In the late 1960s, Scholder taught advanced painting and contemporary art history at the newly formed Institute of American Indian Arts in Santa Fe. In 1967, while teaching at the Institute, he began his “Indian” series. His innovative approach, based on research and observation, was a radical departure from traditional, sentimental renderings of mythic Indians. He was believed to be the first artist to paint an Indian wrapped in an American flag, based on nineteenth-century prison photographs of Indians dressed in surplus flags. 

In 1970, the Tamarind Institute, a print studio in Albuquerque, invited him to do a major project that resulted in a suite of seven lithographs, “Indians Forever,” that articulated the image of the modern Indian and introduced Scholder to the medium of lithography. The success of the series helped to establish the Tamarind Institute as a leading center for printmaking. 

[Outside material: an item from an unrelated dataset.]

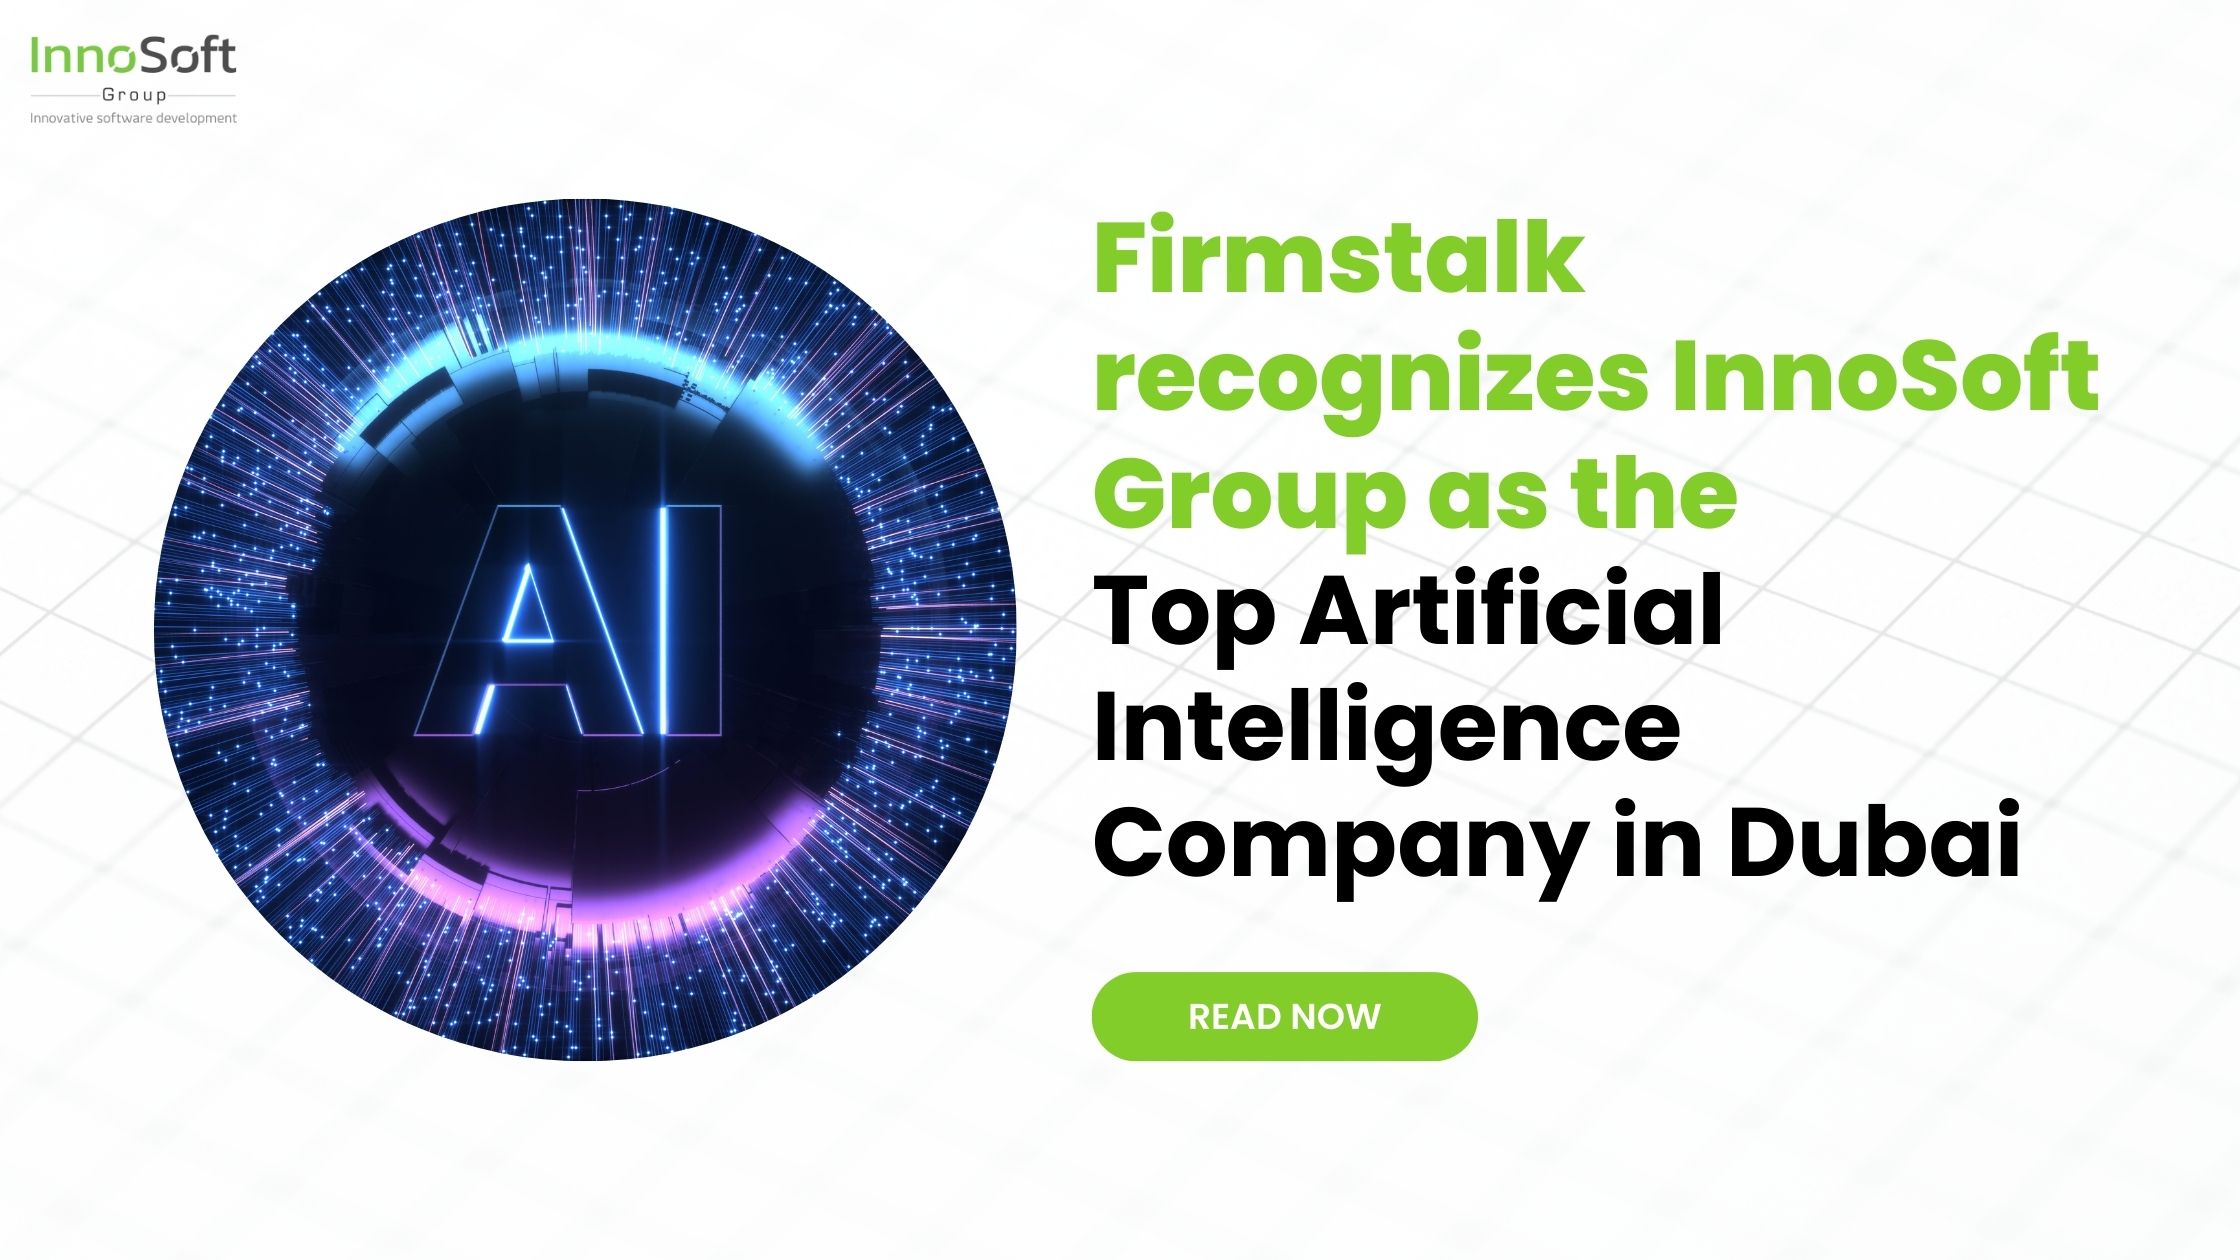 Firmstalk recognizes InnoSoft Group as the Top Artificial Intelligence Company in Dubai, UAE

The first book on Scholder’s work, Scholder/Indians, was published by Northland Press. Although best known for his paintings, Scholder produced work in a variety of media: lithographs, photographs, sculpture, and books. His work is in dozens of museum collections, including the Museum of Modern Art, the Los Angeles County Museum of Art, the Bibliothèque Nationale de France, the Hirschhorn Museum and Sculpture Garden, and the Smithsonian American Art Museum. 

In 1983, Scholder received the New Mexico Governor’s Award for Excellence in the Arts. Scholder was named lifetime Sociétaire of the Salon d’Automne and exhibited at the Grand Palais in Paris in 1984. The following year, he was honored with the Golden Plate Award from the American Academy of Achievement.


Screaming Artist, 1971, Lithograph -- Self-portrait by Fritz Scholder. 

Legacy Honorees are individuals who were not elected during their lifetimes; their accomplishments were overlooked or undervalued due to their race, ethnicity, gender, or sexual orientation.